Zaraz potem rodzą się pytania czy organizator jest aby na pewno godny zaufania, czy zapewni dziecku należyte warunki i przede wszystkim bezpieczeństwo. Aby się tego dowiedzieć można po prostu wejść na stronę internetową i poczytać co oferuje organizator. Czy jest to jednak wystarczające? Zdecydowanie nie. Poniżej przedstawię po krótce, jakich informacji należy wymagać od organizatora i gdzie ich szukać poza tym źródłem.
1. Co powinniśmy wiedzieć o organizowanym wyjeździe?
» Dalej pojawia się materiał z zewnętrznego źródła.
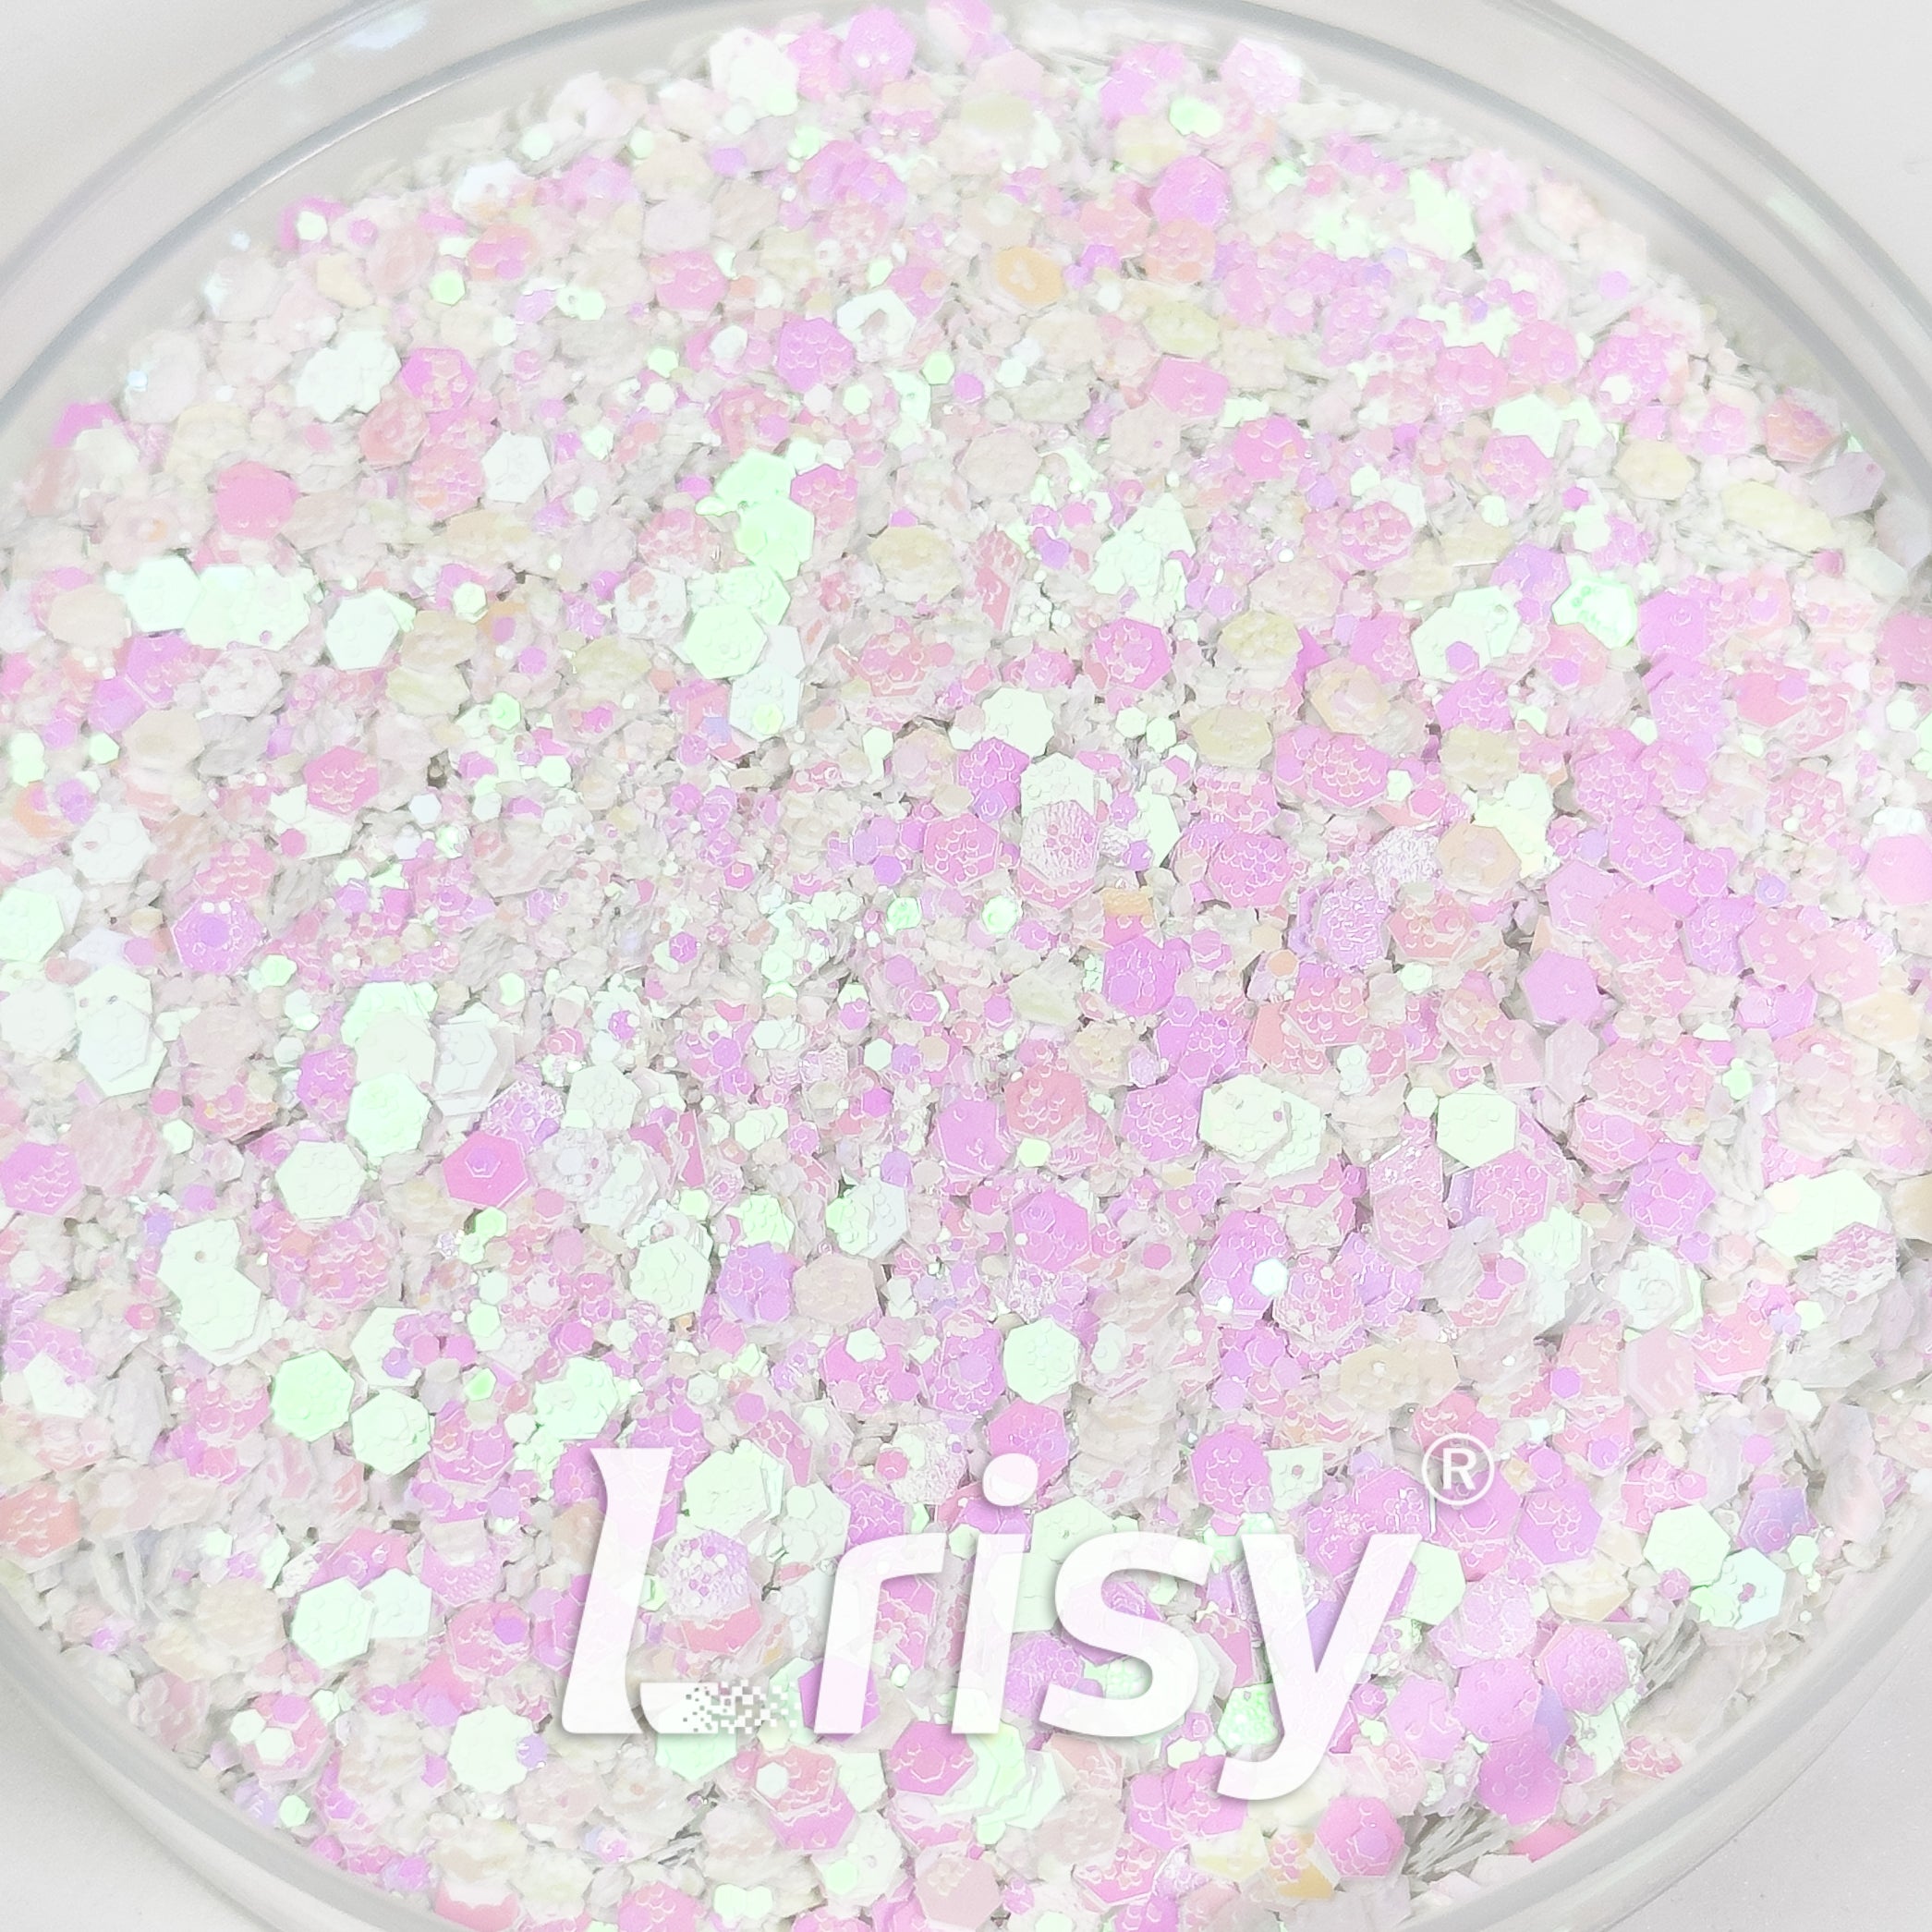 General Mixed Violet Glitter C003R
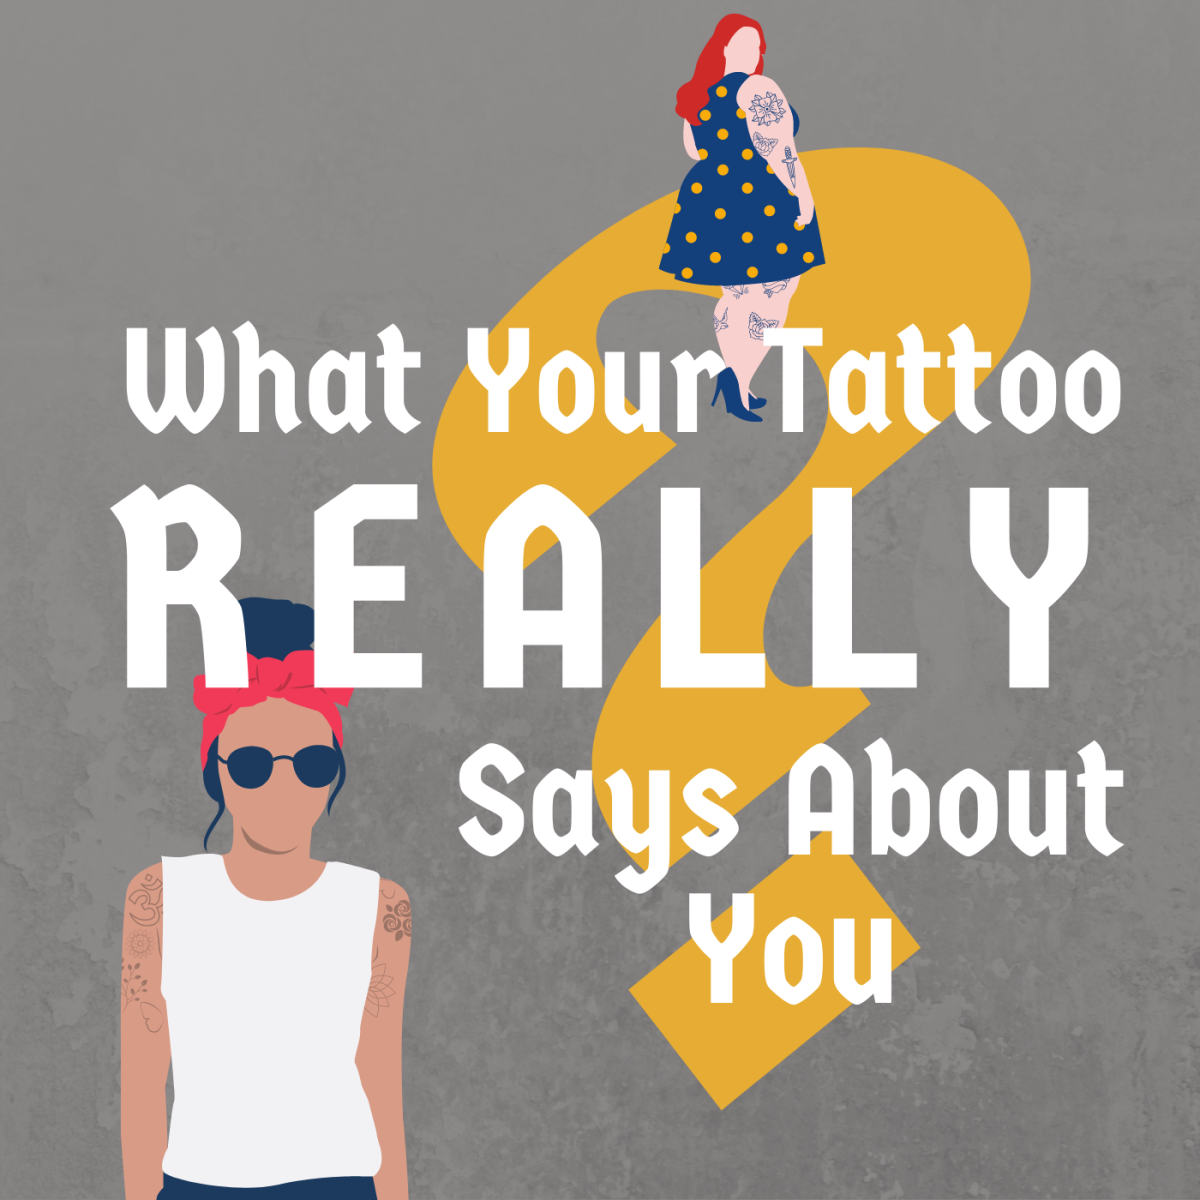 What Does a Tattoo REALLY Say About You?

- Kto go organizuje – jeżeli organizatorem jest duża firma, mamy większą pewność, że wyjazd jest przygotowany profesjonalnie i zgodnie ze wszystkimi standardami i przepisami. Wiąże się to jednak z anonimowością, której nie da się uniknąć przy masowych wyjazdach, gdzie na jednym obozie mieści się 300 czy 500 dzieci. Większa jest również niepewność odnośnie wychowawców – dokumenty zapewne będą mieli należyte, jednak nie zawsze są to osoby sprawdzone przez samego organizatora i przyjmuje je się do pracy tylko na podstawie dokumentów. U mniejszych organizatorów – na przykład w różnych fundacjach – wychowawcy są już sprawdzeni i można mieć większą pewność, że dobrze zajmą się dziećmi.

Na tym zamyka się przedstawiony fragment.